(TASK TO CARRY OUT)
Among the entries below, one stretch runs from the line that contains "WALL MOUNTING LUGGAGE" through the line that contains "View of a killdeer". Repeat that stretch exactly, ends included, and only that.

(TASK INPUTS)

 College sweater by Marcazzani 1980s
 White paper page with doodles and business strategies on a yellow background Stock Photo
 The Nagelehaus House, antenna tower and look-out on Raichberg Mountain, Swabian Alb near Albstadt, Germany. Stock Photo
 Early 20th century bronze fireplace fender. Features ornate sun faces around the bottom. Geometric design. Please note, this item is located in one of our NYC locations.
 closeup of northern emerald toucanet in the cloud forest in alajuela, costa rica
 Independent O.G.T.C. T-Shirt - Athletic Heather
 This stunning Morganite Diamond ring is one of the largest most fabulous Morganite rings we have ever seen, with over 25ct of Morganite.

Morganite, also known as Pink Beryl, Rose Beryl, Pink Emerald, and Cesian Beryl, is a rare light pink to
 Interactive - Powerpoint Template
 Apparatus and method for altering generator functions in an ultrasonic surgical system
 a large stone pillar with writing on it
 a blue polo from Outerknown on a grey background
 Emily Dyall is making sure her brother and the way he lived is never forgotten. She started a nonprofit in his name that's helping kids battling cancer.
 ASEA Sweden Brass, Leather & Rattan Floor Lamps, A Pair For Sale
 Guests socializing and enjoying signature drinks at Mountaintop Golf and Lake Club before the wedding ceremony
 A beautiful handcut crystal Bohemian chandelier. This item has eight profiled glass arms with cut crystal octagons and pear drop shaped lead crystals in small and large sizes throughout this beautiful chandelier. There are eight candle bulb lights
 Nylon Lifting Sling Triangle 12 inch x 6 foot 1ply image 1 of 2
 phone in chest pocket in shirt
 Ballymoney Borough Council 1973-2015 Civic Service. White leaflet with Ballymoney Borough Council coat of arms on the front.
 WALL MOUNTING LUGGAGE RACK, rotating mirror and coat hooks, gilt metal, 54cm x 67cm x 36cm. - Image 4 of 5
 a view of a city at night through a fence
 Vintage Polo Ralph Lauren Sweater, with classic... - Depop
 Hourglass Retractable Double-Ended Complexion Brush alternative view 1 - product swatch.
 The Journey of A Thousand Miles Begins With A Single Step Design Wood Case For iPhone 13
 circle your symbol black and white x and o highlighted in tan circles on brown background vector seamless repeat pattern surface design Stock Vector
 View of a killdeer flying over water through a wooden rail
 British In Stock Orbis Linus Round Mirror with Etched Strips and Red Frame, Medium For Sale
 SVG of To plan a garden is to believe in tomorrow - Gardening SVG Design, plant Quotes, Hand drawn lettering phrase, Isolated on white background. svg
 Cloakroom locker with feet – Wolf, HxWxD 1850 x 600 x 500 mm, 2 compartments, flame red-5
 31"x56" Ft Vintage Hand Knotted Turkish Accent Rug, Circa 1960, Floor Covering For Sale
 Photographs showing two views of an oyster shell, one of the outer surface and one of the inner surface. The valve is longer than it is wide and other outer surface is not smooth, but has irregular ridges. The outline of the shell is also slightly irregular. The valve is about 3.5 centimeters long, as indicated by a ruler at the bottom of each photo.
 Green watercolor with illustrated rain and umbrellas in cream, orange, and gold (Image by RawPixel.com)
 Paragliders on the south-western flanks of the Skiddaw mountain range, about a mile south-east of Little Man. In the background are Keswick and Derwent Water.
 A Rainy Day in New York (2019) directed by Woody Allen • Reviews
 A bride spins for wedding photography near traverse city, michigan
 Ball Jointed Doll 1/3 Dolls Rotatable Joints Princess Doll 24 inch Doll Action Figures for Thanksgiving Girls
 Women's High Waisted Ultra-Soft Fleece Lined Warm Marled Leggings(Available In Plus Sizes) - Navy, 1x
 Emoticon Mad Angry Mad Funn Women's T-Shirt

(TASK OUTPUT)
 WALL MOUNTING LUGGAGE RACK, rotating mirror and coat hooks, gilt metal, 54cm x 67cm x 36cm. - Image 4 of 5
 a view of a city at night through a fence
 Vintage Polo Ralph Lauren Sweater, with classic... - Depop
 Hourglass Retractable Double-Ended Complexion Brush alternative view 1 - product swatch.
 The Journey of A Thousand Miles Begins With A Single Step Design Wood Case For iPhone 13
 circle your symbol black and white x and o highlighted in tan circles on brown background vector seamless repeat pattern surface design Stock Vector
 View of a killdeer flying over water through a wooden rail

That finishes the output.